There are routes where high-speed trains have totally beaten air transport, so
that there is no air connection anymore. Examples are Paris-Brussels and
Cologne-Frankfurt. If the train stops at a big airport, like Paris and
Frankfurt, these short distance airplanes lose an extra advantage for the many
travellers who want to go to the airport for a long-distance journey. Air plane
tickets can include a train segment for the journey, with guaranteed rebooking
if the connection is missed, like normal air travel.
Other considerations
All or part of this article may be confusing or unclear.
Please help clarify the article. Suggestions may be on the talk page. (September
2007)
Although air travel has a speed advantage, trains can typically be boarded more
quickly, and in a central location. This can mostly – or completely – offset the
speed advantage of air travel. Many people live in suburbs of large cities and
drive their own car to the airport when they want to fly. In a hub-and-spoke air
system like in the USA, large airports are heavily favored by airlines because
using them can increase load factor and thus profitability. Airlines do not want
to commit to non-hub areas, which if along the route have the potential for
benefit from supplementation with high speed rail. However, in a point-to-point
air system like in Europe (where population density is higher), major air hubs
are discouraged by low-cost carriers due to congestion and high landing costs.
Therefore, travel between two minor cities is already better served by air.
Rail lines also permit far greater capacity and frequency of service than what
is possible with aircraft, and rail schedules find fewer weather-related
interruptions than do airline schedules. Although comfort over air travel is
often believed to be a trait of high speed rail, it is not inherent, it depends
on the specific implementation. From the operator's point of view, a single
train can call in at multiple stops, often far more stops than aircraft, and
each stop takes much less down time. One train stopping pattern can allow a
multitude of possible journeys, increasing the potential market.
In regards to large amounts of luggage, HSR can be trying compared to air
travel, as storage space is limited, and in the case of Japan, trains can and
often are crowded, have standing passengers, especially during rush hour and
holidays.
High speed trains are more energy efficient than aircraft on a same load factor
basis, as trains consume less energy per passenger kilometer. This may result in
less carbon dioxide emissions, however this depends on each implementation's
actual usage patterns and their indirect effects. Short-haul energy requirements
for transporting people are generally more competitive on trains than long haul.

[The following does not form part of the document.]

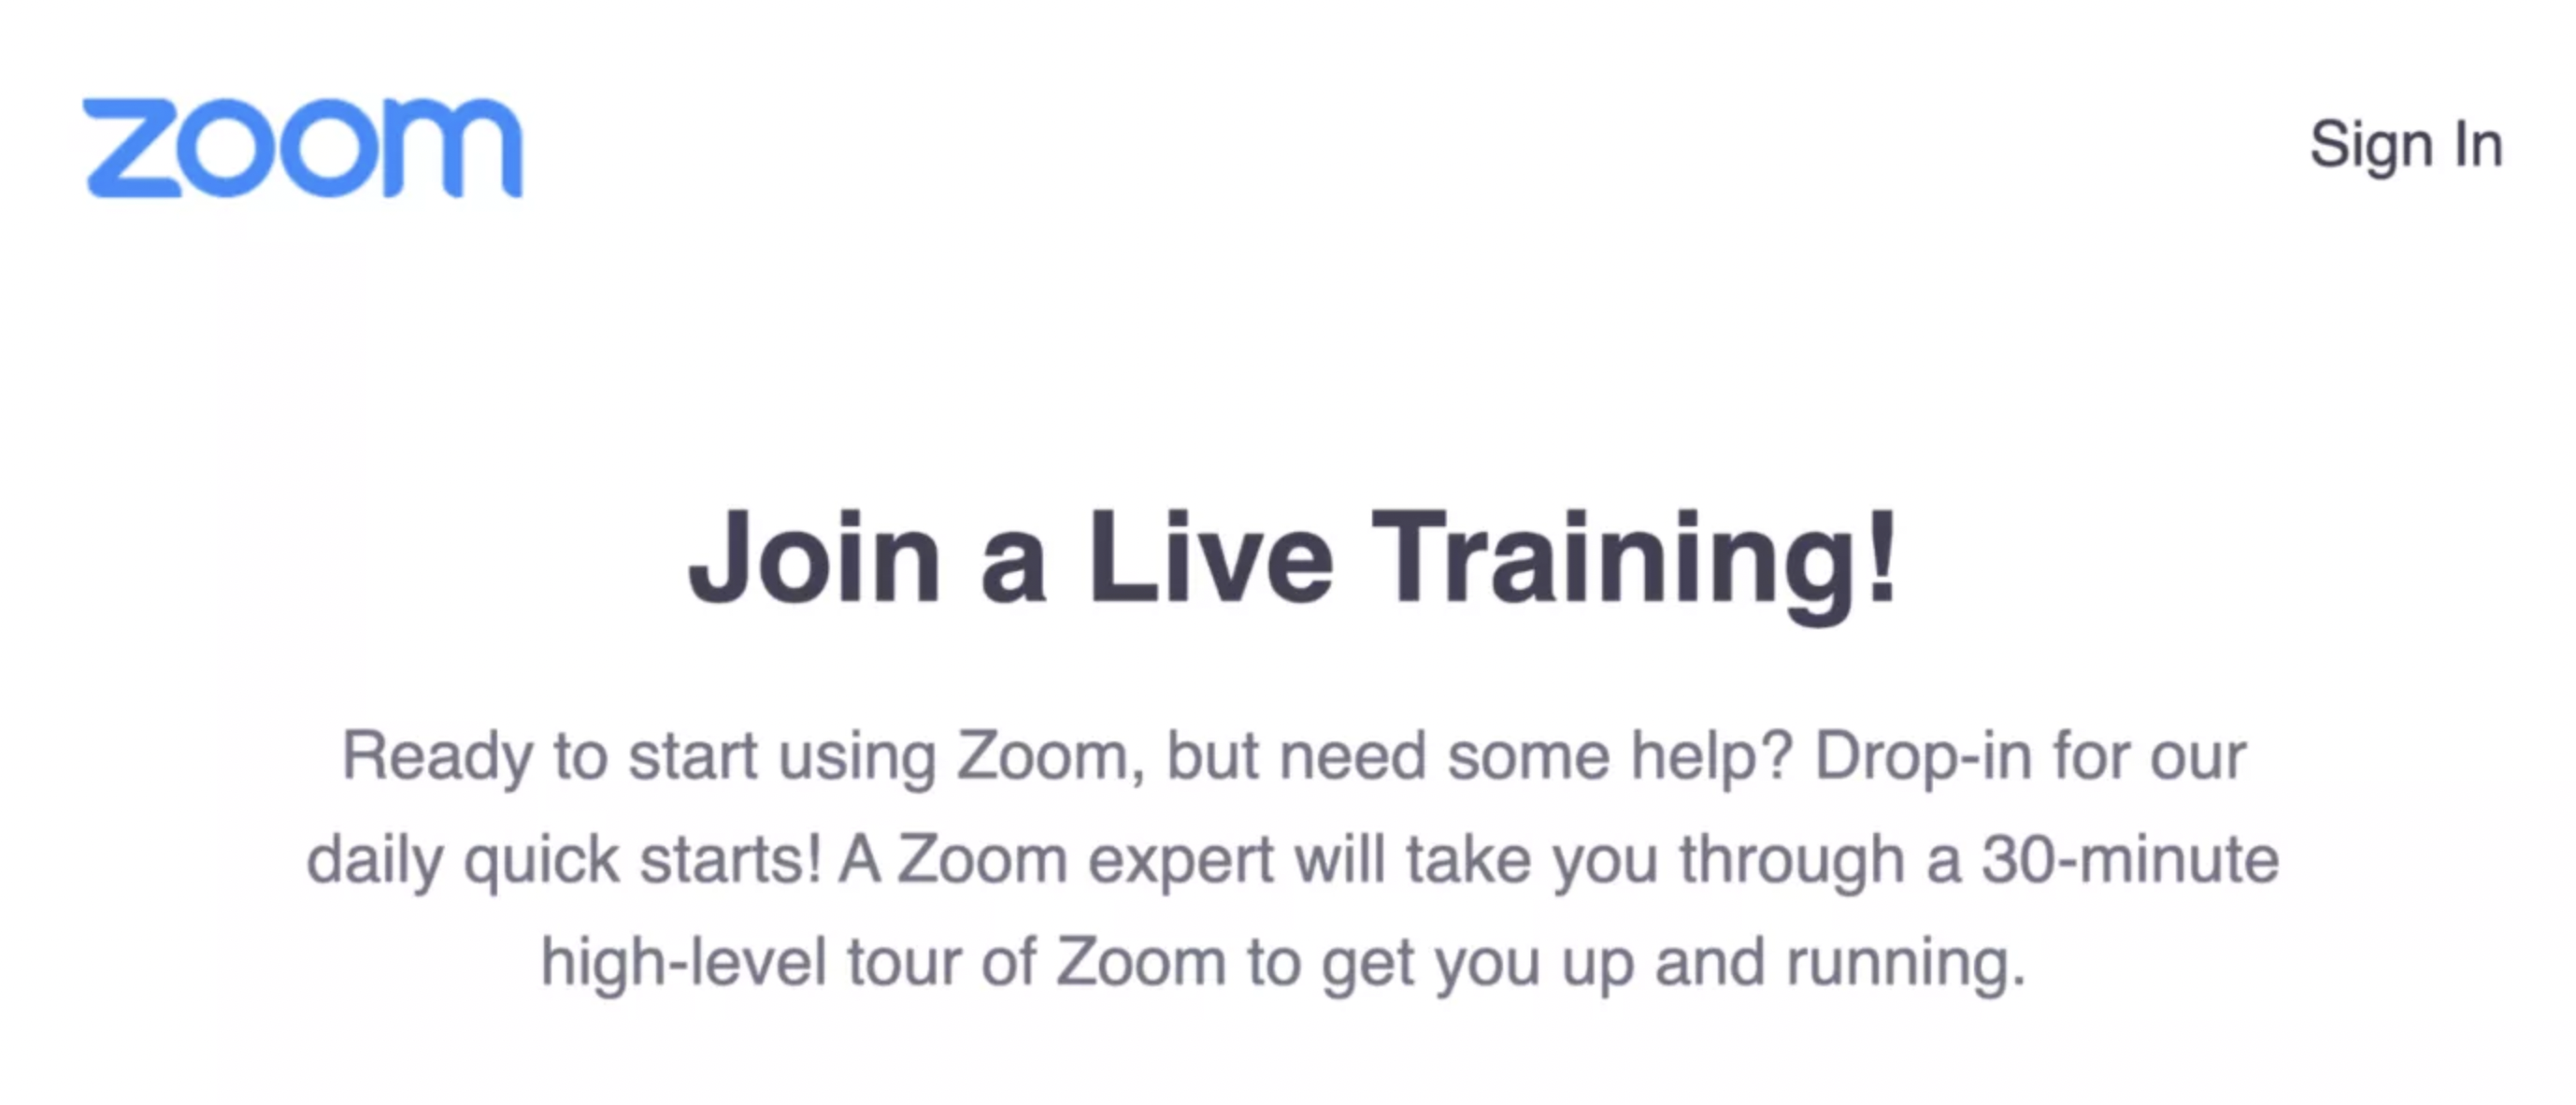 A screenshot of the Zoom website promoting a live training session, featuring email headers

(where rail competes best on time), because takeoff and landing have
proportionately high energy requirements per km versus cruising.

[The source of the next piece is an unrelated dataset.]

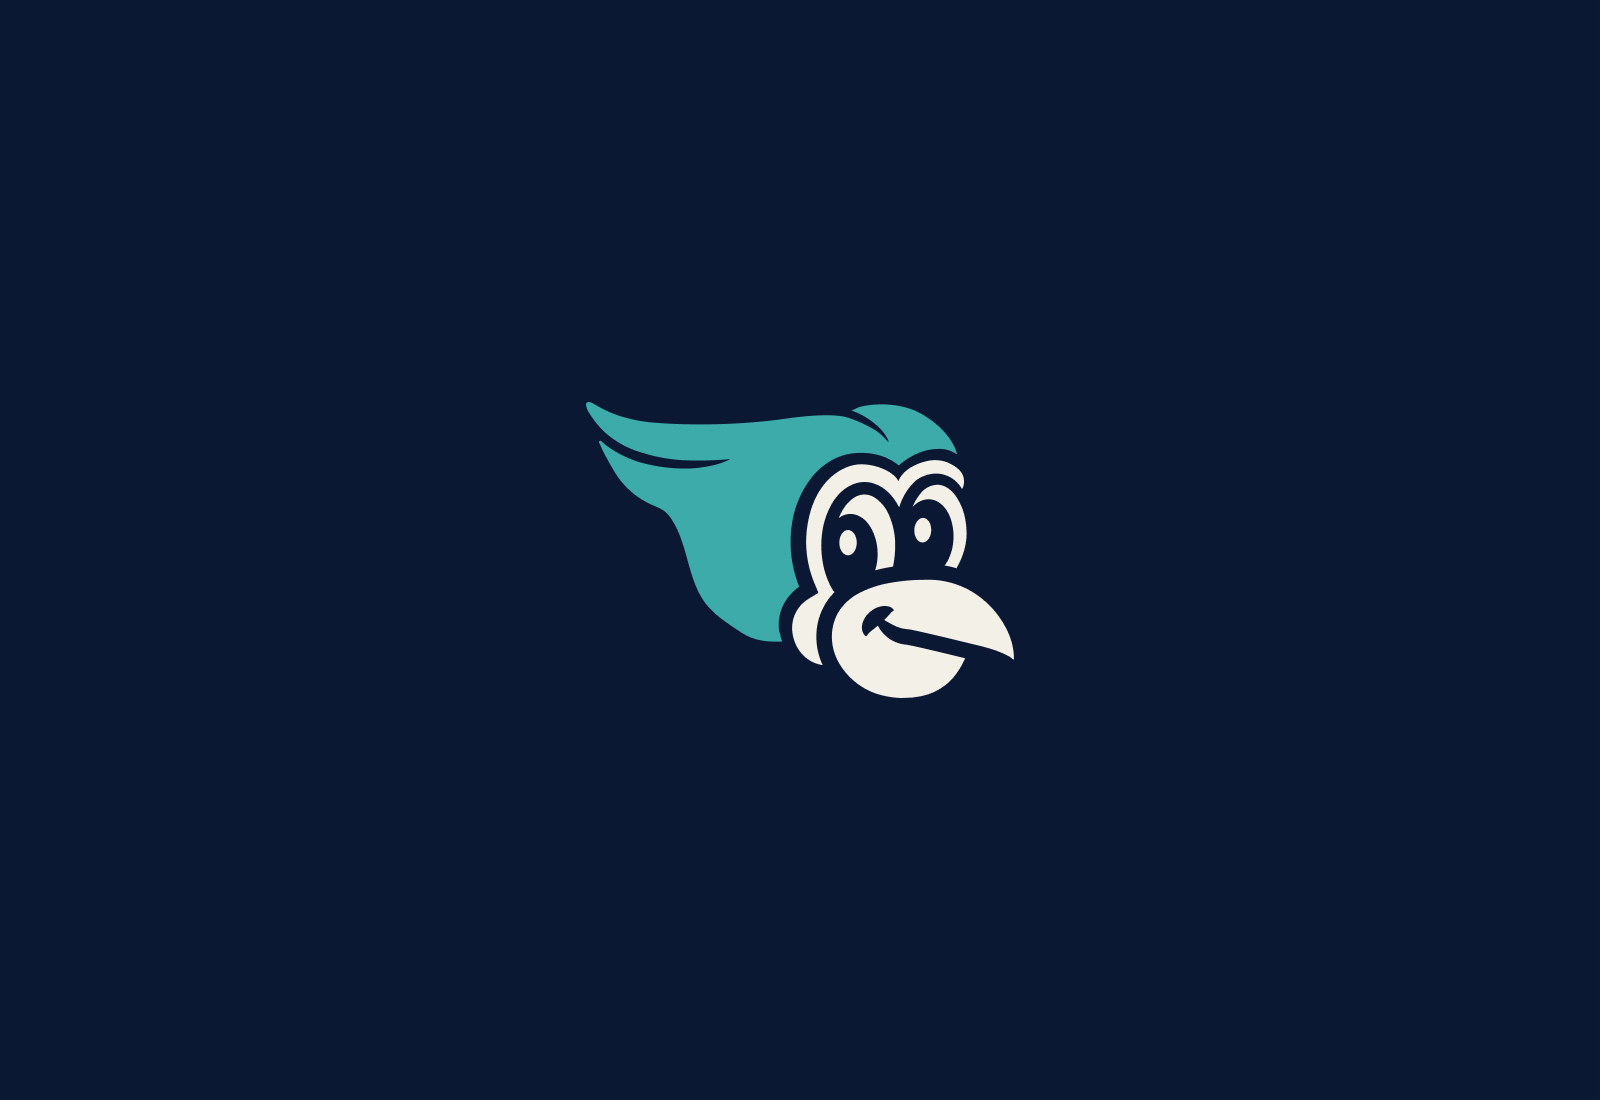 Bird Mascot Illustration | Byrd's Estate Sales and Liquidations | Brand Identity by Joey Carty

From the point of view of required traffic control systems and infrastructure,
high-speed rail has the added advantage of being much simpler to control due to
its predictable course, even at very high passenger loads; this issue is
becoming more relevant as air traffic reaches its safe limit in busy airspaces
over London, New York, and other large centers. However, it must be noted that
high speed rail systems eliminate the possibility of traffic collisions with
automobiles (adding cost, simplicity, and safety), while other systems do not.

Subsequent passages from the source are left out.